▶ _EXERCISE PROMPT_
The listing below should be written out word for word, with its pictures removed.

[INFORMATION SHOWN — start]

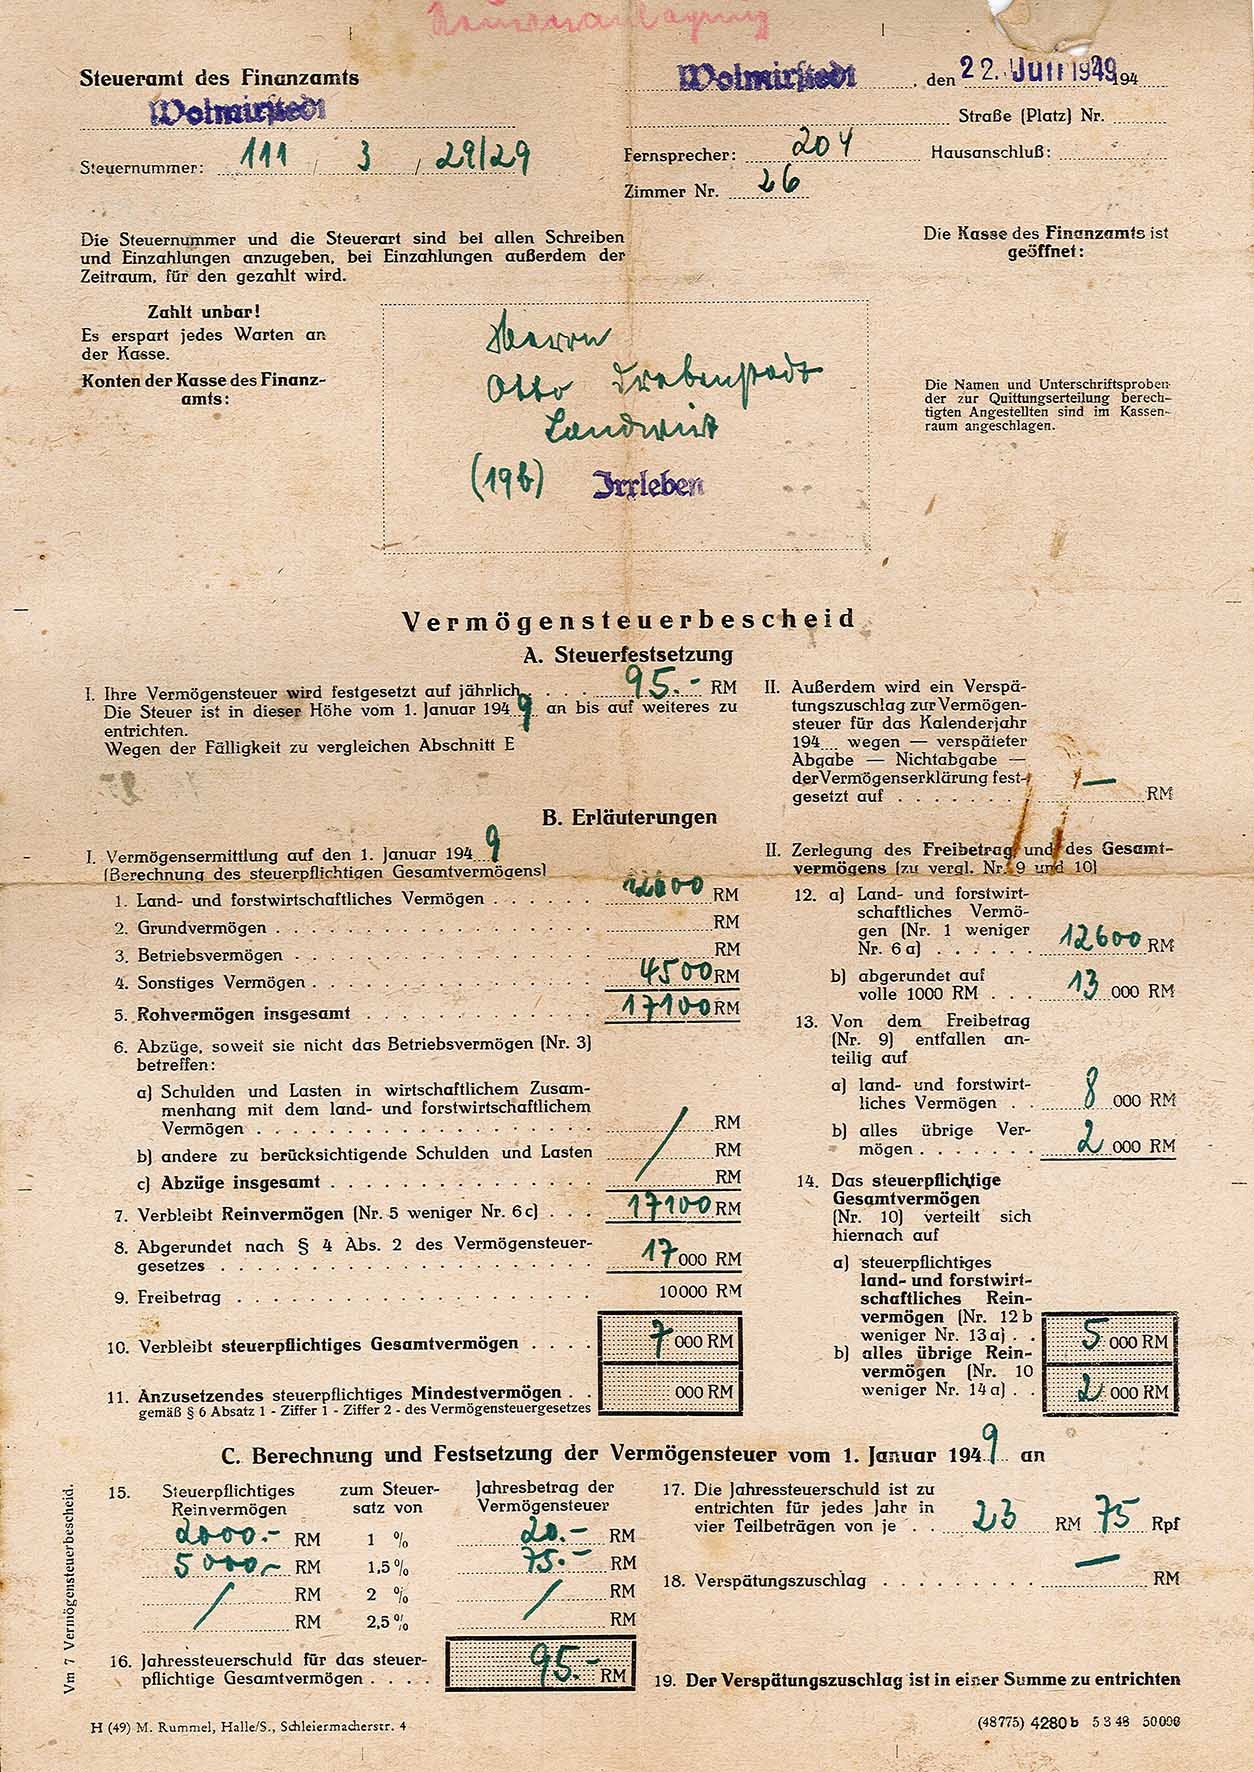 Vermögenssteuerbescheid für Otto Drebenstedt für das Jahr 1949, 22. Juli 1949 (Museum Wolmirstedt RR-F)
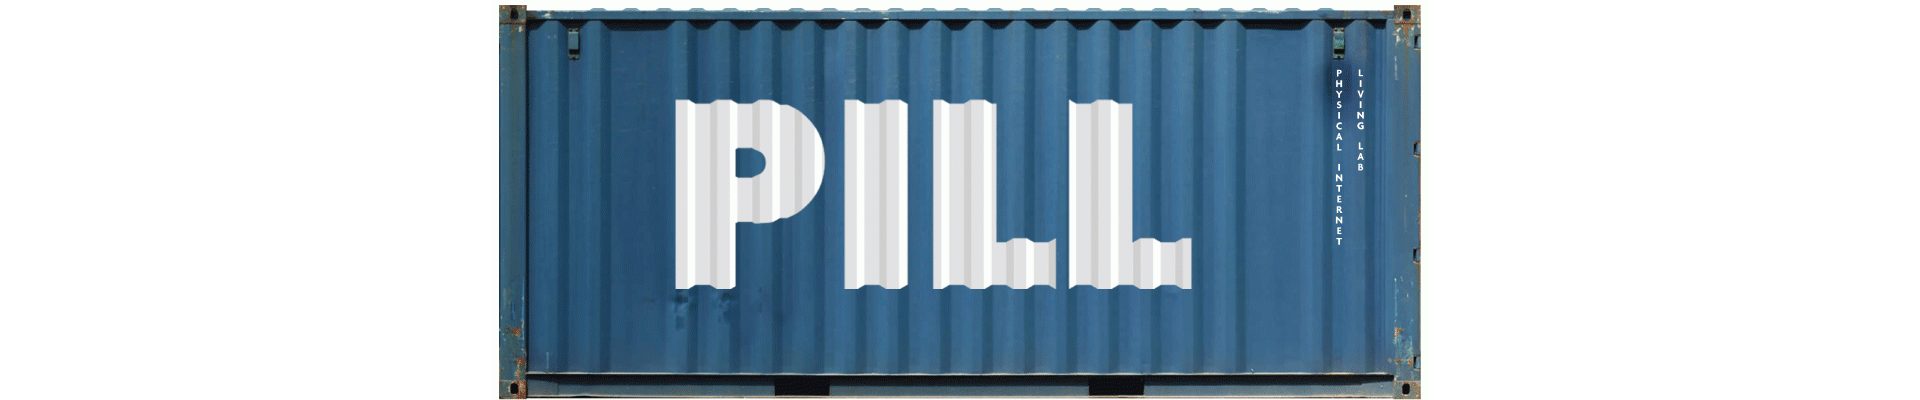 PILL logo
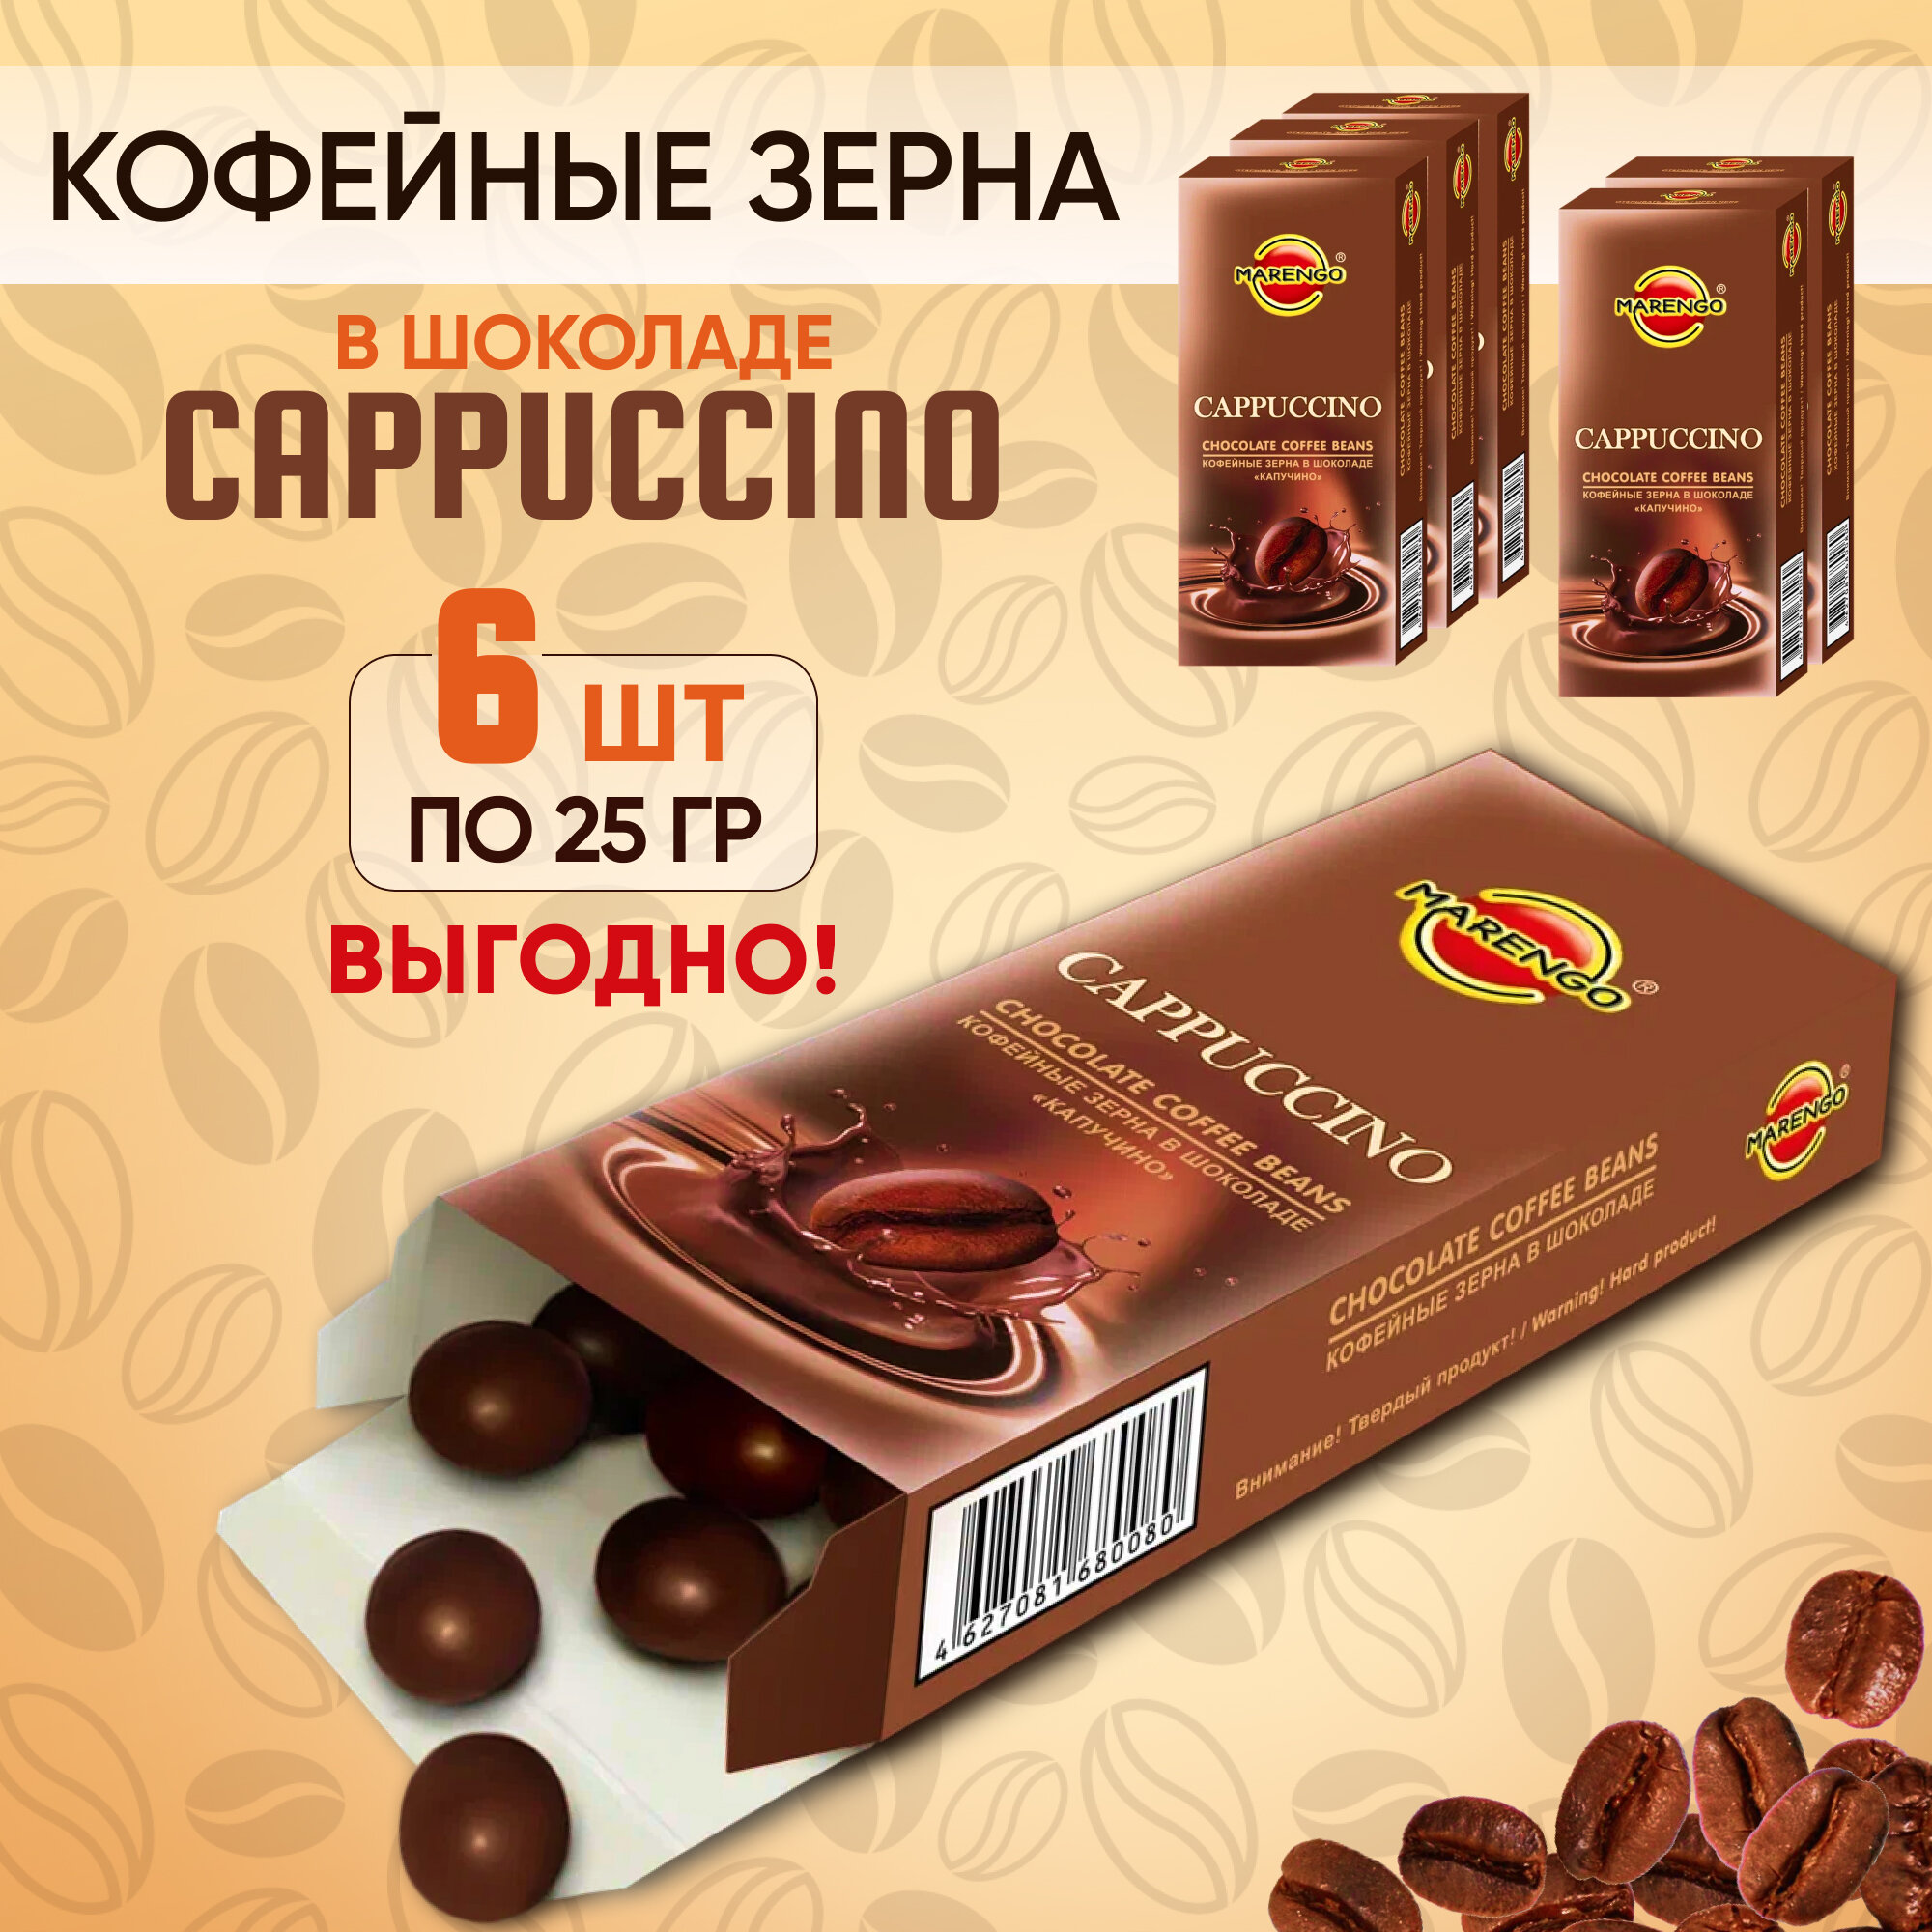 Кофейные зерна в шоколаде /MARENGO/ Cappucino 6шт по 25г

[INFORMATION SHOWN — finish]

▶ _YOUR RESPONSE_
 Vermögenssteuerbescheid für Otto Drebenstedt für das Jahr 1949, 22. Juli 1949 (Museum Wolmirstedt RR-F)
 PILL logo
 Кофейные зерна в шоколаде /MARENGO/ Cappucino 6шт по 25г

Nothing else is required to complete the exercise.